== Segment start ==

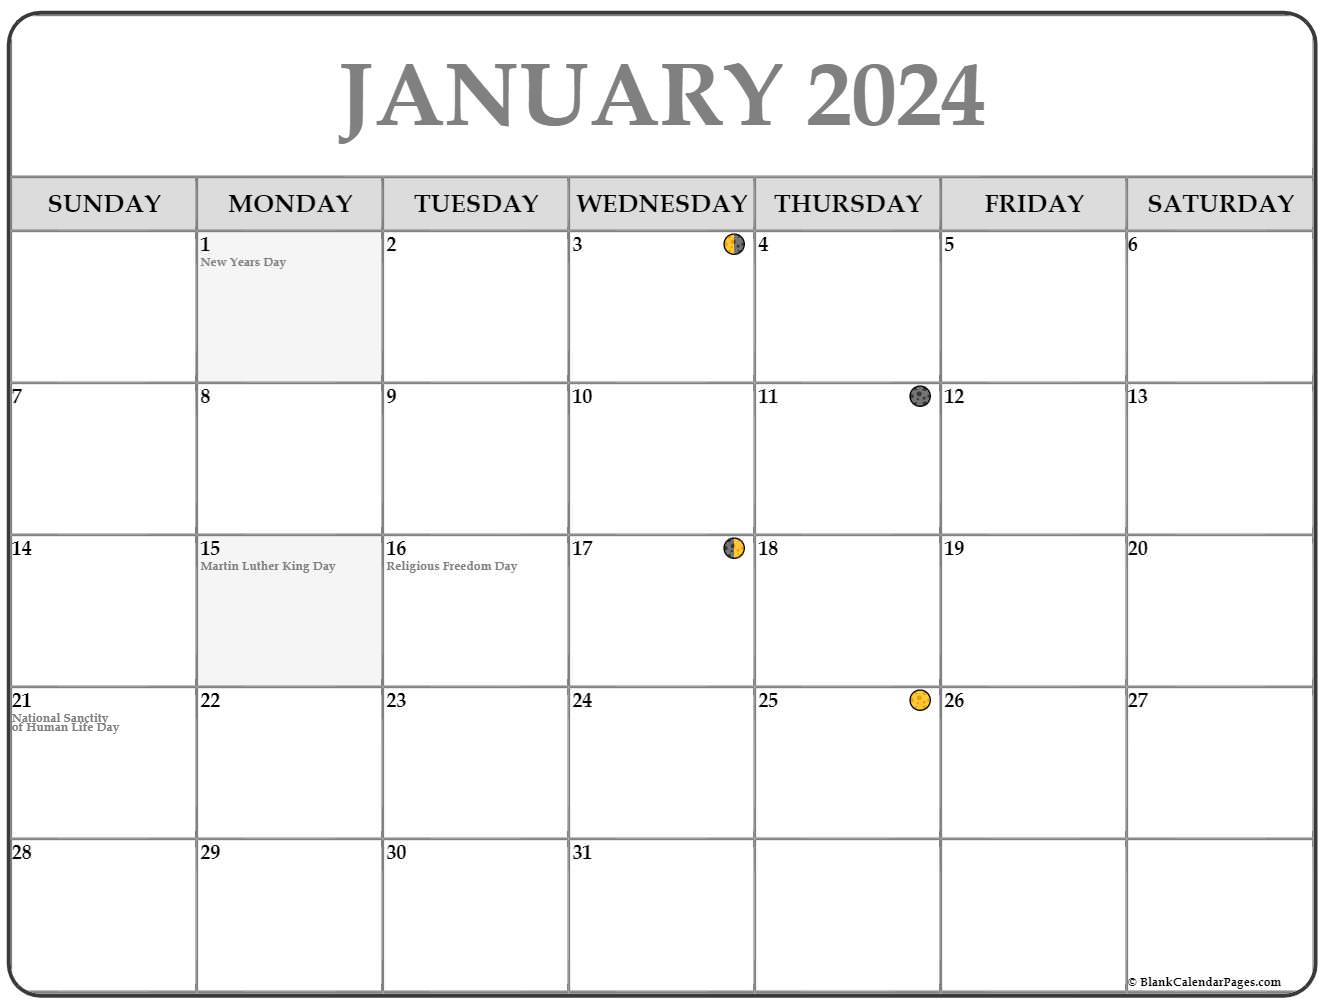 Moon Calendar January 2022 January 2022 Lunar Calendar | Moon Phase Calendar
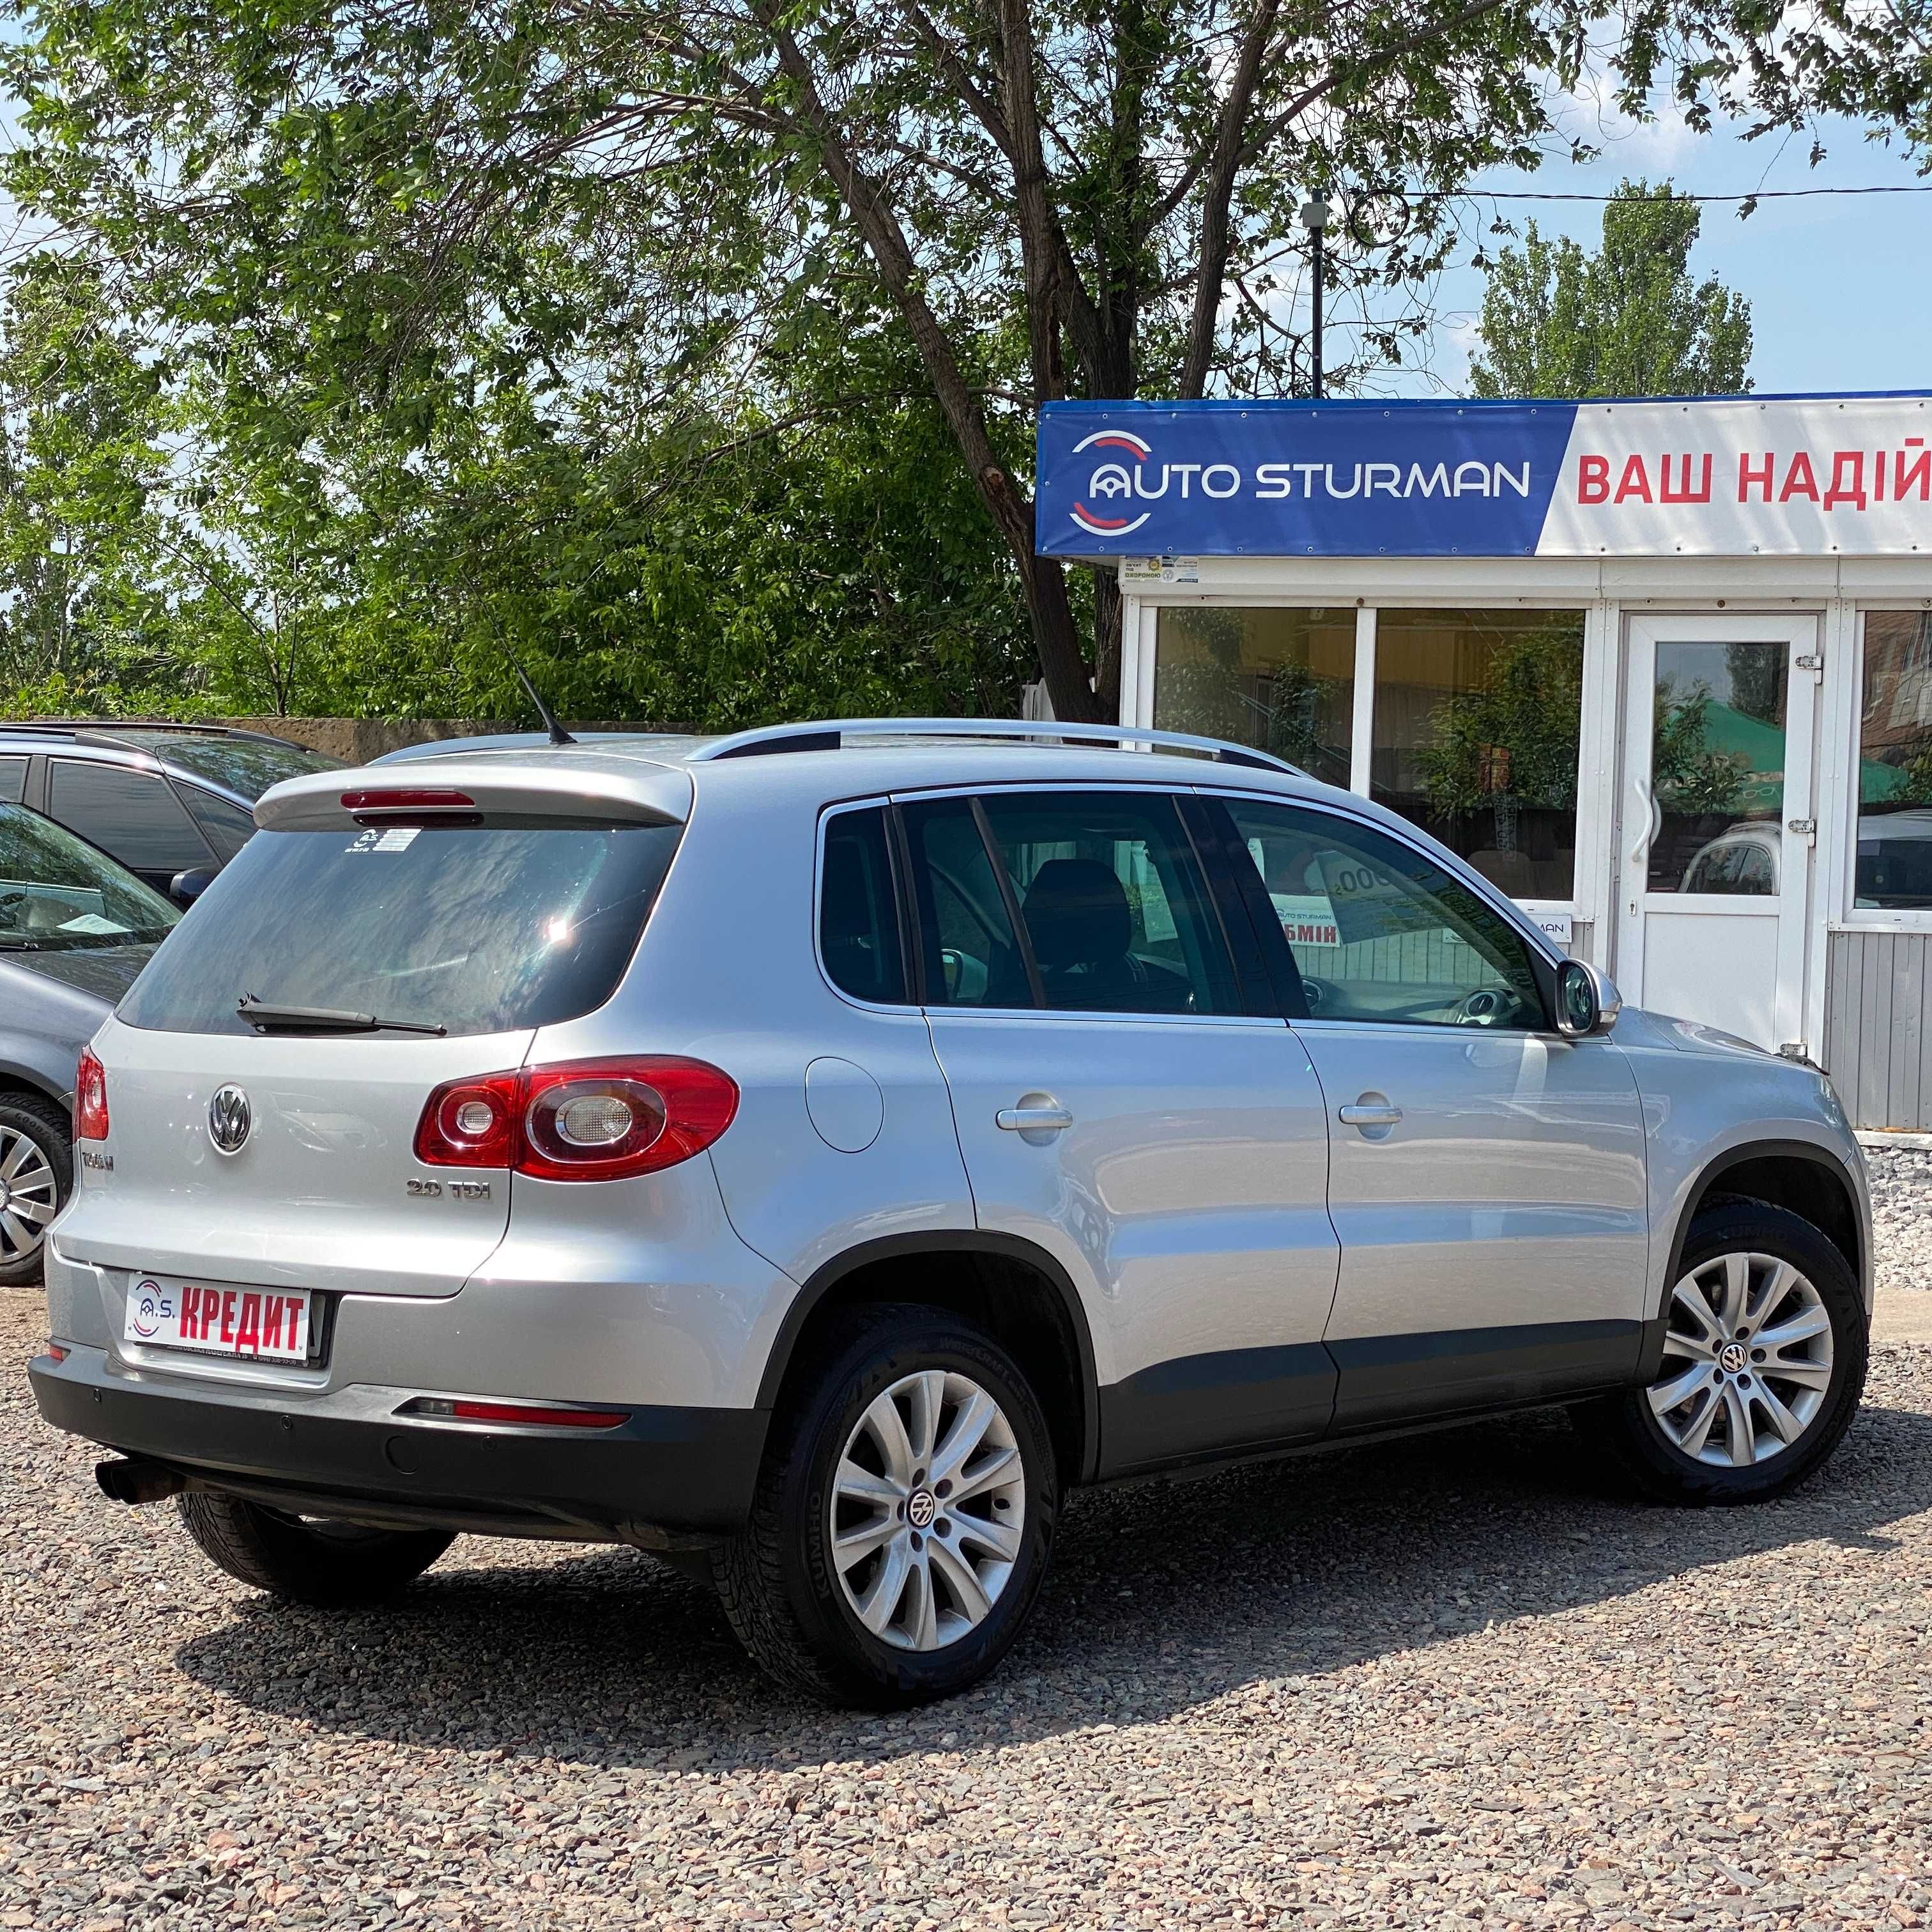 Продам Volkswagen Tiguan 2010 рік можлива розстрочка, кредит, обмін!
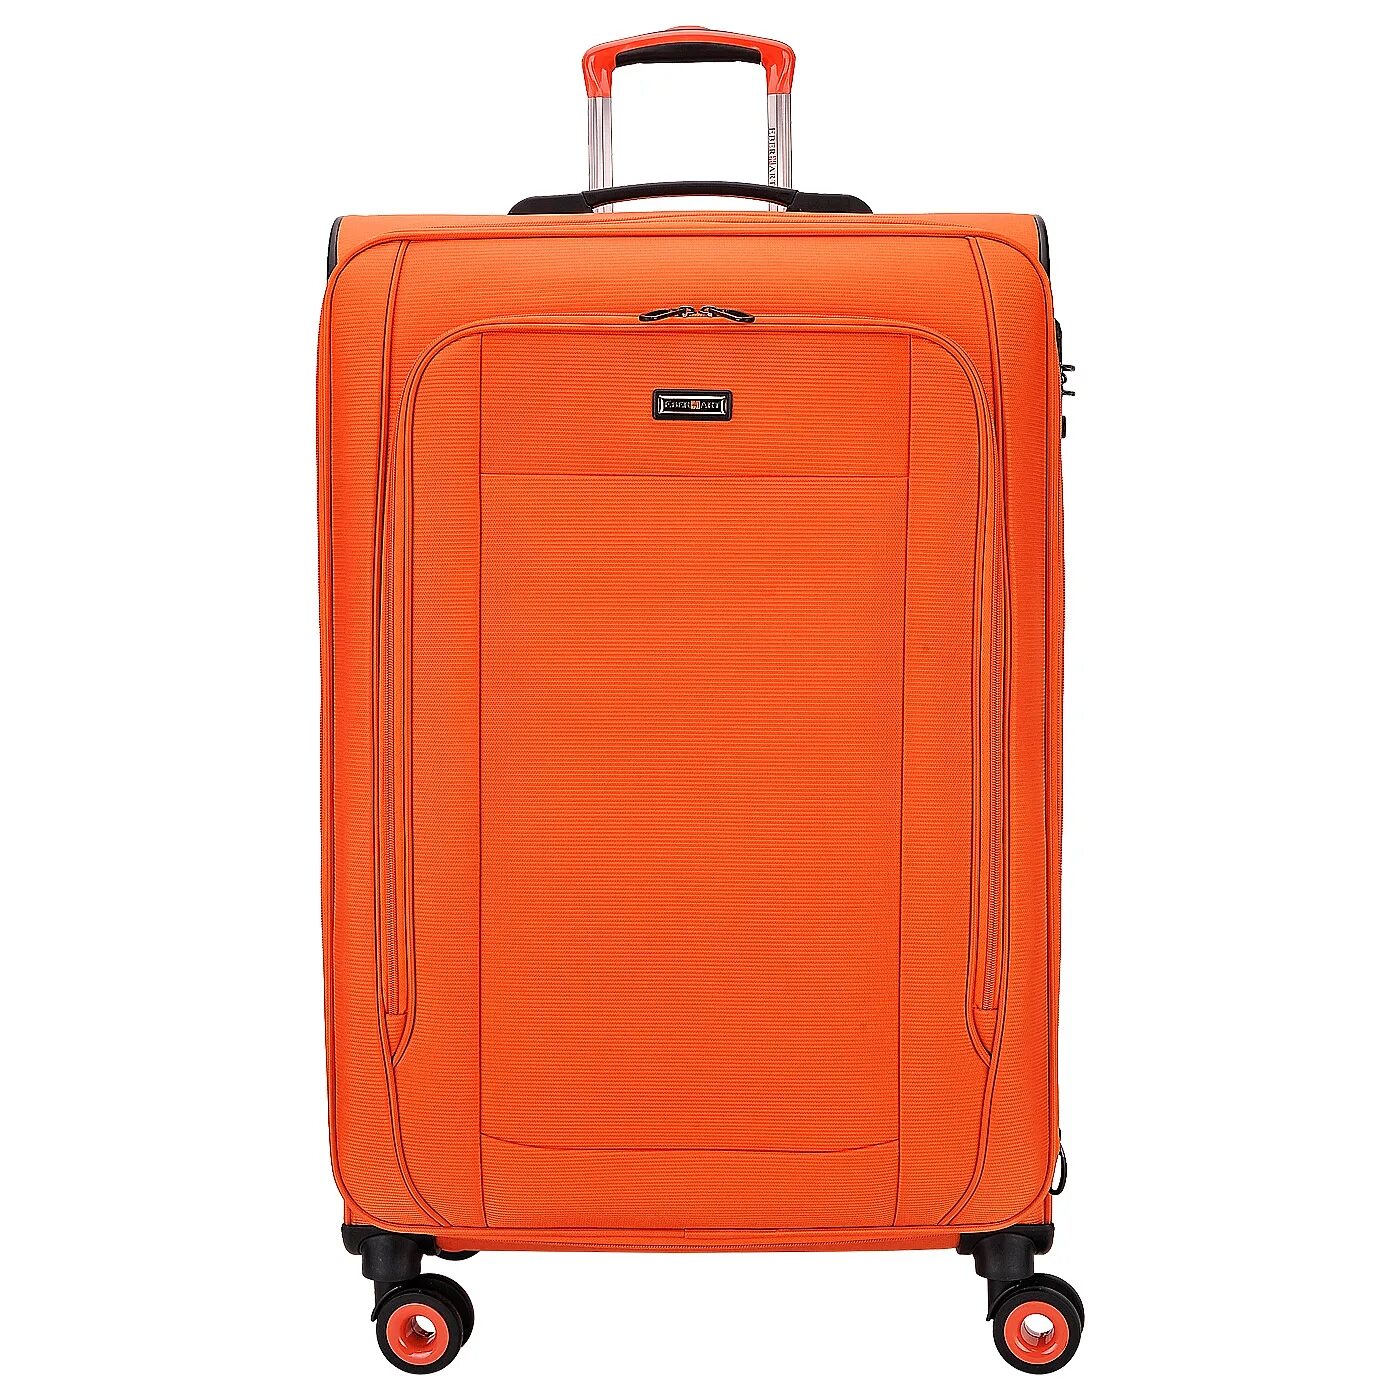 Где купить недорогой чемодан. Чемодан Пьер Карден тканевый оранжевый. Чемодан 15кг оранжевый. Чемодан mares оранжевый. Чемодан Sanzhiniao рыжий gt 1002.
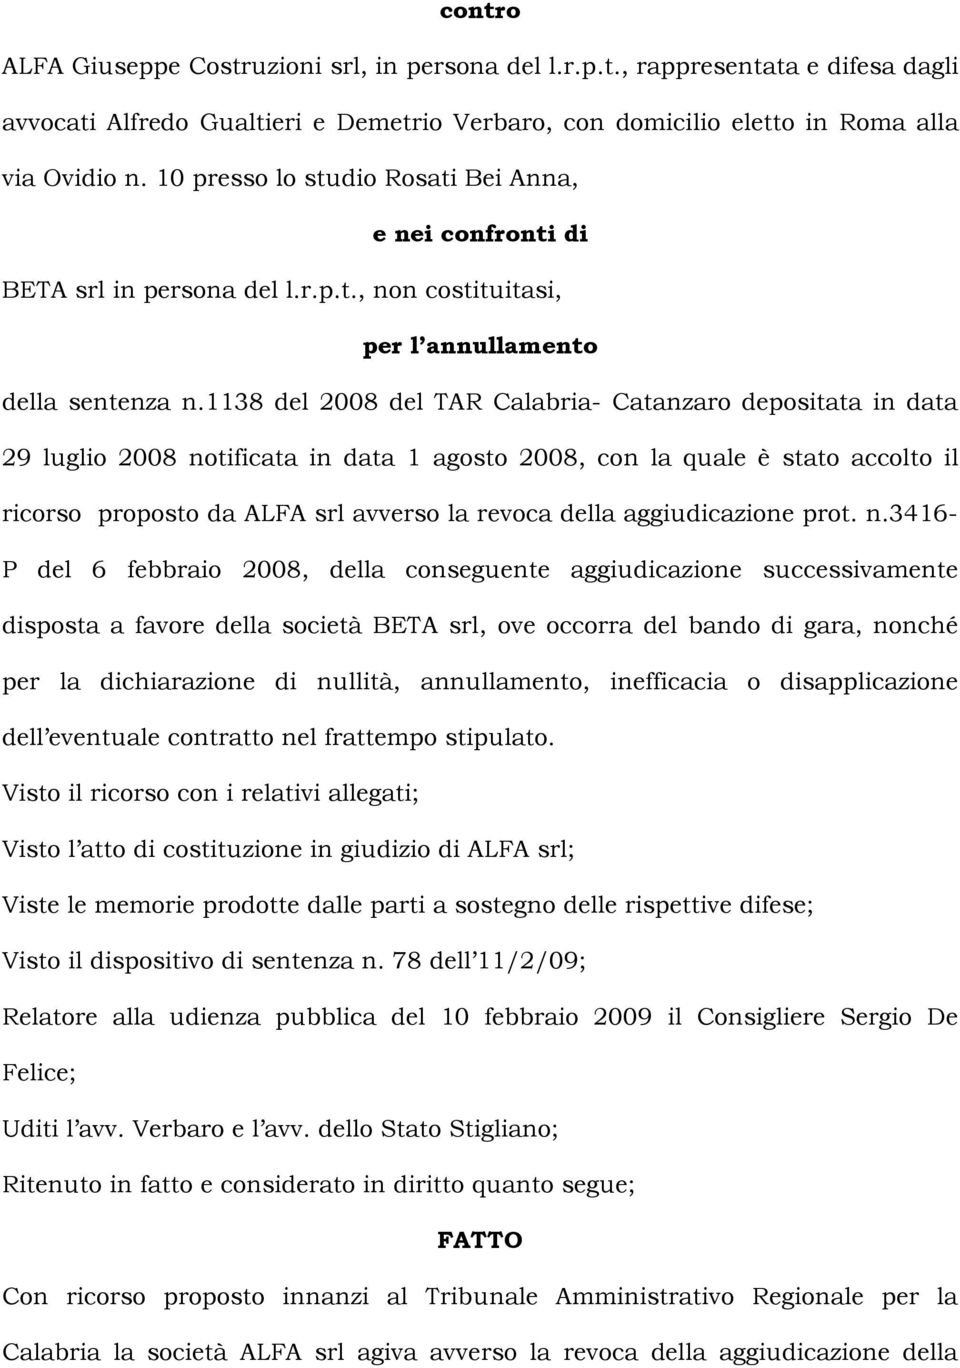 1138 del 2008 del TAR Calabria- Catanzaro depositata in data 29 luglio 2008 notificata in data 1 agosto 2008, con la quale è stato accolto il ricorso proposto da ALFA srl avverso la revoca della

== Segment end ==

Return all the material exactly, pictures excluded.

EXERCISE OUTPUT:
 Moon Calendar January 2022 January 2022 Lunar Calendar | Moon Phase Calendar
 Продам Volkswagen Tiguan 2010 рік можлива розстрочка, кредит, обмін!
 Где купить недорогой чемодан. Чемодан Пьер Карден тканевый оранжевый. Чемодан 15кг оранжевый. Чемодан mares оранжевый. Чемодан Sanzhiniao рыжий gt 1002.
 1138 del 2008 del TAR Calabria- Catanzaro depositata in data 29 luglio 2008 notificata in data 1 agosto 2008, con la quale è stato accolto il ricorso proposto da ALFA srl avverso la revoca della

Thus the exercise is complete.